Ecosystem management is a multifaceted approach to natural resource management that can incorporate science and TEK to collate long-term measurements that would otherwise be unavailable. This can be achieved by scientists and researchers collaborating with Indigenous peoples through a consensus decision-making process while meeting the socioeconomic, political and cultural needs of current and future generations. Concerns over instances where indigenous knowledge has been used without consent (cultural appropriation), acknowledgment, or compensation have been raised by some critics.

=== Ecological restoration ===
Ecological restoration is the practice of restoring a degraded ecosystem through human intervention. There are many links between ecological restoration and ecosystem management practices involving TEK. Due to the aforementioned unequal power between indigenous and non-indigenous peoples, equitable partnerships formed in theses contexts can help mitigate extant social injustices, as in the case when Indigenous Peoples lead ecological restoration projects.
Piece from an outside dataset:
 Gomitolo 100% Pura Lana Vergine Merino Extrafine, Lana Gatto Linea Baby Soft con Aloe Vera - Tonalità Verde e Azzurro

===Effects of environmental degradation===
In some areas, environmental degradation has led to a decline in traditional ecological knowledge. For example, at the Aamjiwnaang community of Anishnaabe First Nations people in Sarnia, Ontario, Canada, residents suffer from a "noticeable decrease in male birth ratio ..., which residents attribute to their proximity to petrochemical plants".

==Climate change==

Indigenous people and Climate Change: fact sheet about the health impacts of climate change on indigenous populations

Climate change is affecting indigenous people in different ways depending on the geographic region which require different adaption and mitigation actions. For example, to immediately deal with these conditions, the indigenous people adjust when they harvest and what they harvest and also adjust their resource use. Climate change can change the accuracy of the information of TEK. The indigenous people have relied on indicators in nature to plan activities and even for short- term weather predictions. As a result of ever more increasingly unusual conditions, entire indigenous cultures have been disrupted and displaced. As a result, there is a loss of the cultural ties to the lands they once resided on and there is also a loss of the traditional ecological knowledge they had with the land there. Climate change adaptations have the potential to harm indigenous rights. The US EPA promised to take traditional ecological knowledge into consideration in planning adaptations to climate change.
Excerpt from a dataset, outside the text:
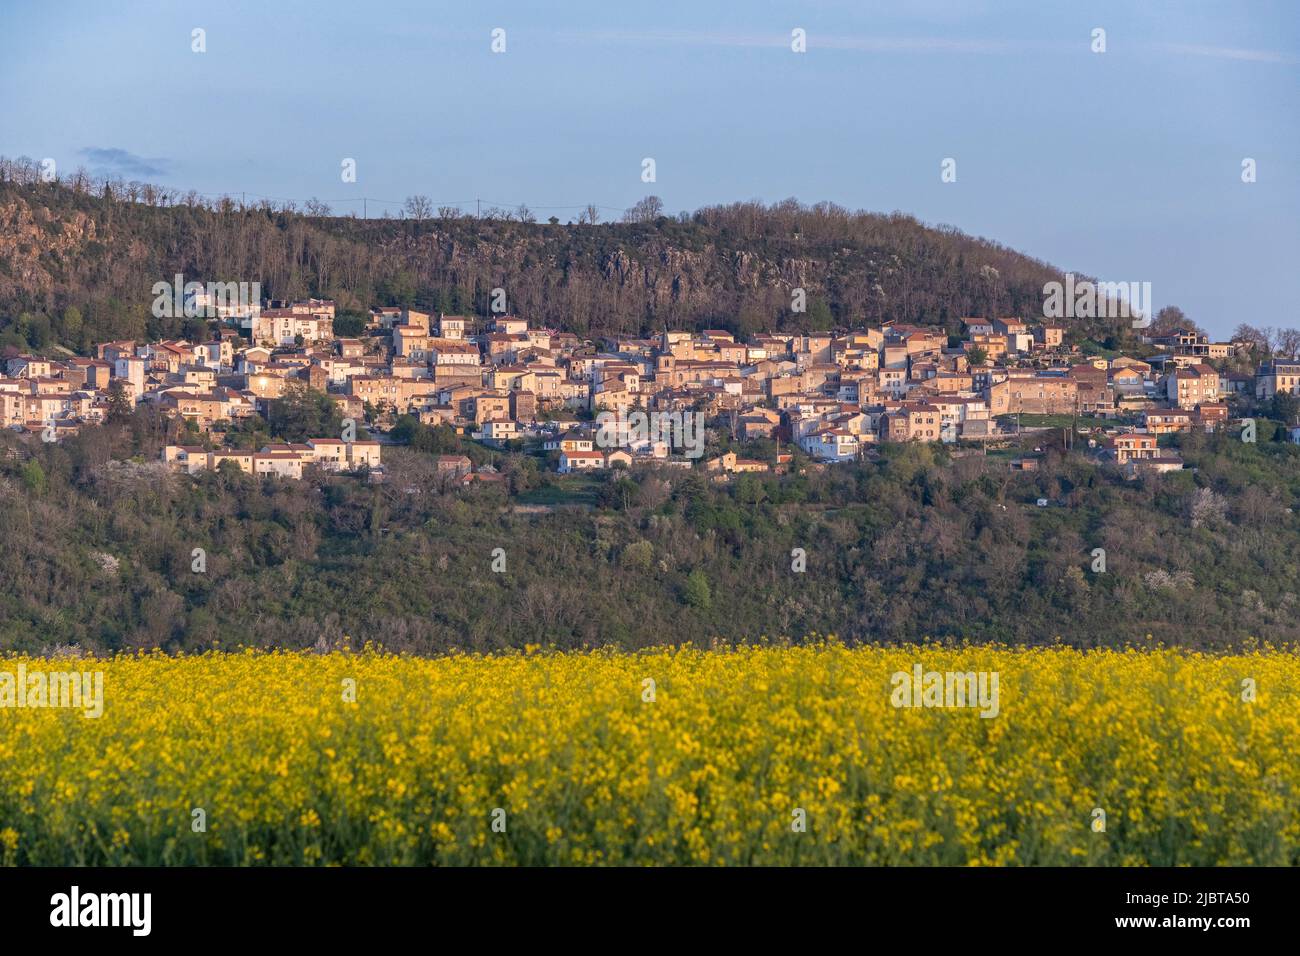 France, Puy de Dome, Corent village, Allier valley Stock Photo

The rising temperature poses a threat for ecosystems including the locations where plants grow, the times that insects emerge throughout the year, and changes to the seasonal habitats of animals. For many harvesting seasons, indigenous people have shifted their activity months earlier due to impacts from climate change, adaptations that becomes more important in the face of a rapidly changing climate. Climate change can therefore affect the availability and quality of environmental resources for indigenous people. For example, as sea ice levels decrease, Alaska Native peoples have experienced changes in their daily lives. Thawing permafrost has damaged buildings and roadways while clean water resources dwindle. Fishing, transportation, social and economic aspects of their lives are destabilized. Additionally, as the temperature gets hotter, disasters such as uncontrolled wild fires become more likely. One Indigenous nation in Australia was recently given back land and they reinstated their traditional practice of controlled burning. This was documented to increase the area's biodiversity and decrease the severity of the wildfires. Traditional ecological knowledge can help provide information about climate change across generations and geography of the actual residents in the area. The National Resource Conservation Service of the United States Department of Agriculture has used methods of the indigenous people to combat climate change conditions.

== Examples ==
Instances where TEK was recognized in the literature are included below.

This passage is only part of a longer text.